Nothing but the pictures is dropped; write out all the remaining data below exactly.

Data segment:
= Beginning of Section =

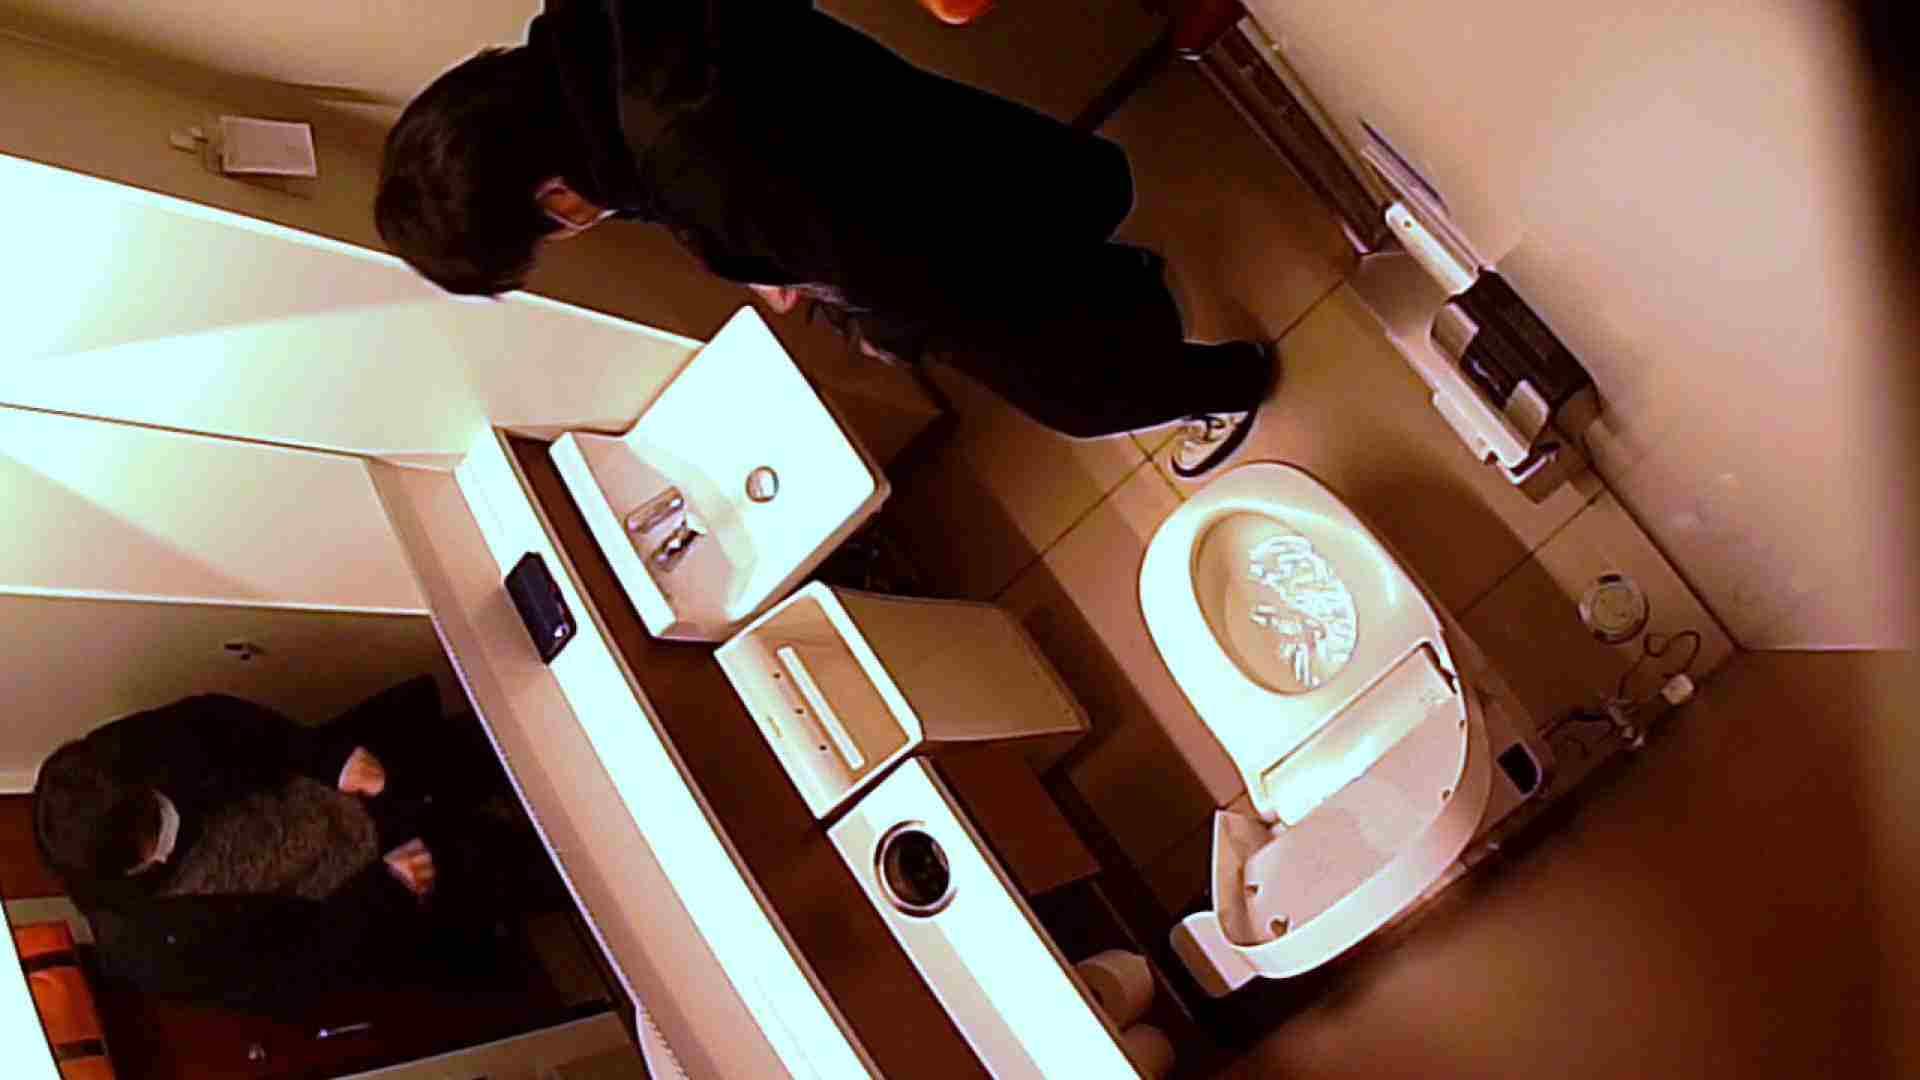 イケメンの素顔in洗面所 Vol.03 丸見え動画 | ボーイズうんこ  107pic 22
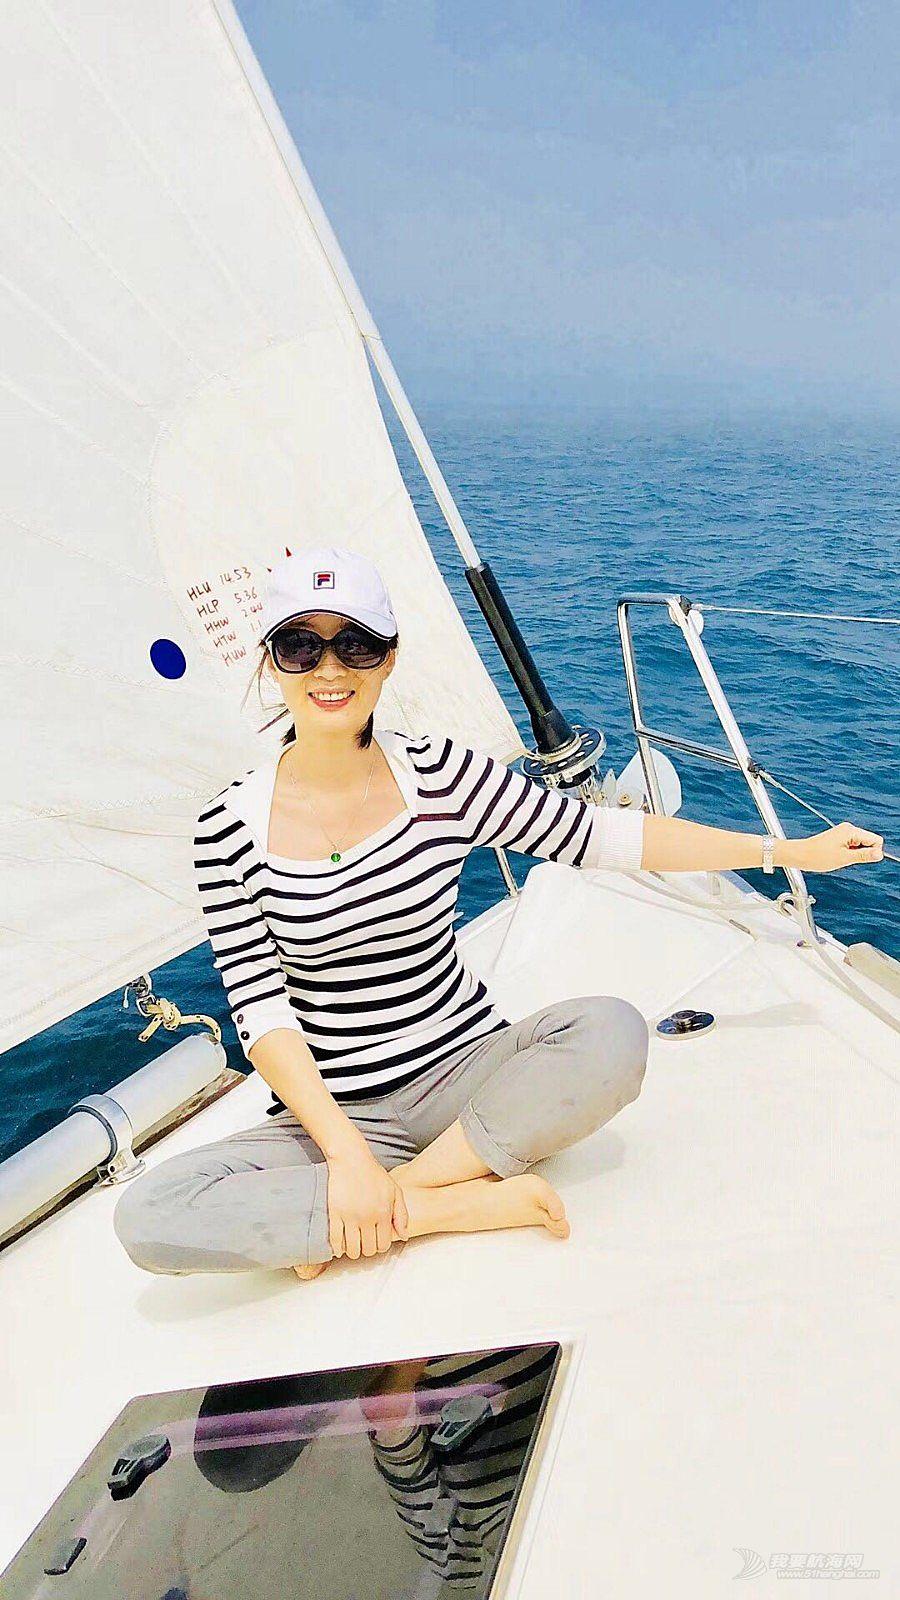 我们为什么参与帆船运动理由之七:丑女变凤凰庸男也疯
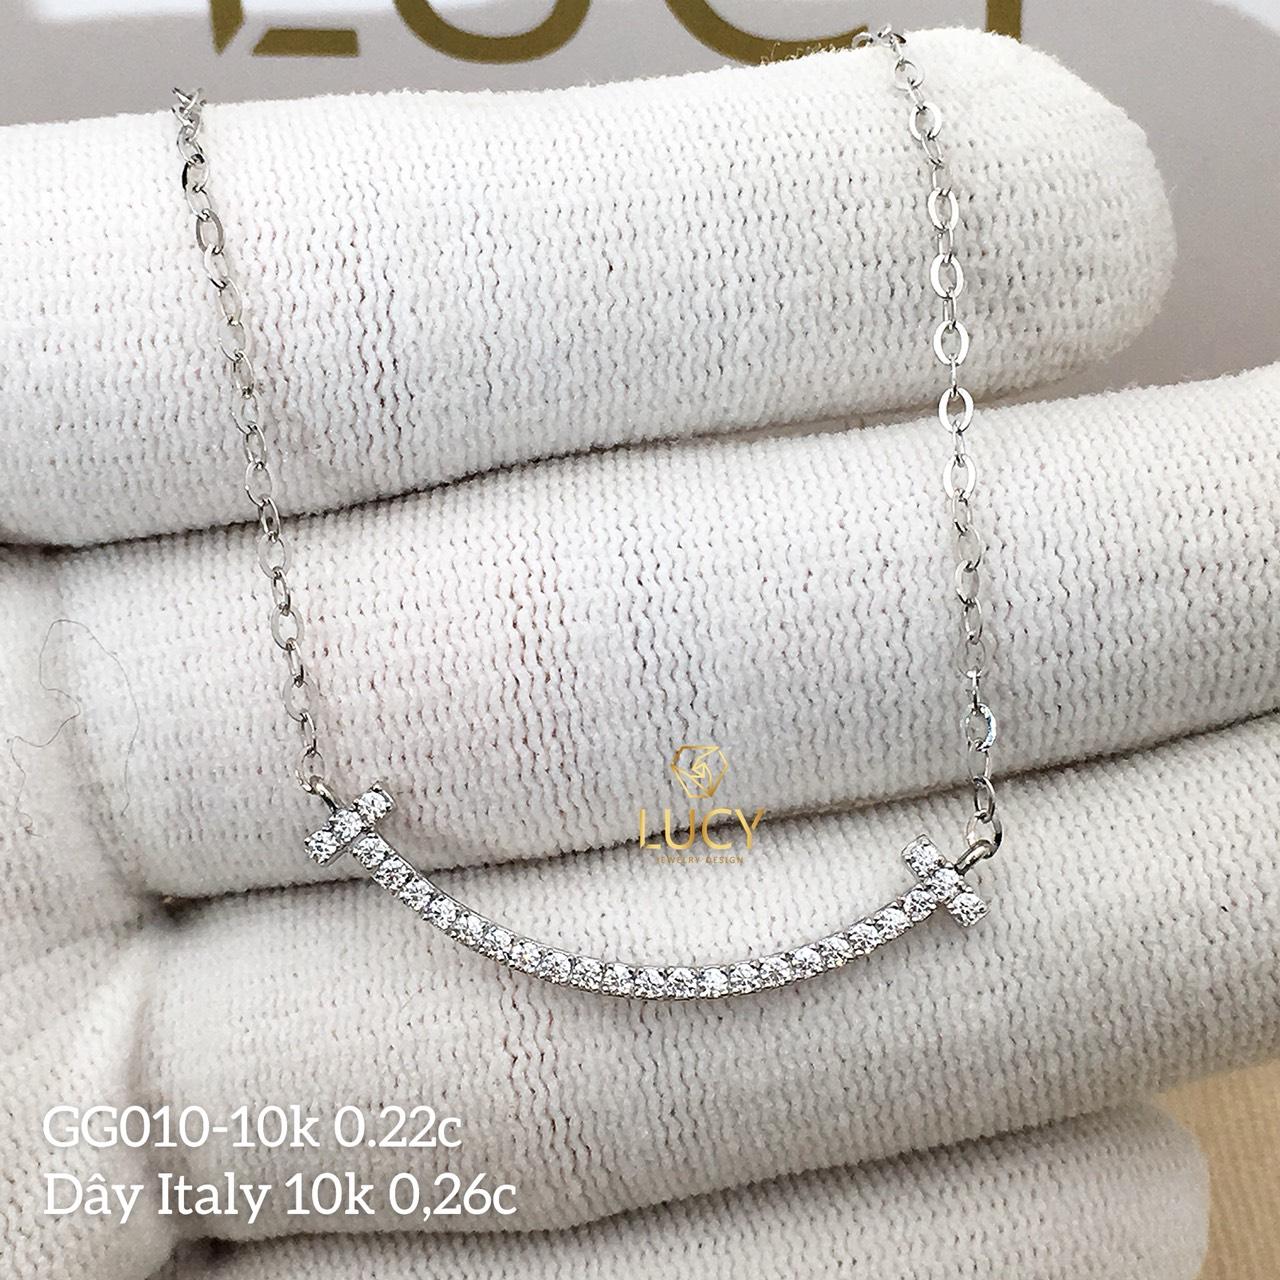 GG010 Mặt dây chuyền miệng cười hàng thiết kế vàng 10k 14k 18k - Lucy Jewely

= End of Section =

Response area:
 イケメンの素顔in洗面所 Vol.03 丸見え動画 | ボーイズうんこ  107pic 22
 我们为什么参与帆船运动理由之七:丑女变凤凰庸男也疯
 GG010 Mặt dây chuyền miệng cười hàng thiết kế vàng 10k 14k 18k - Lucy Jewely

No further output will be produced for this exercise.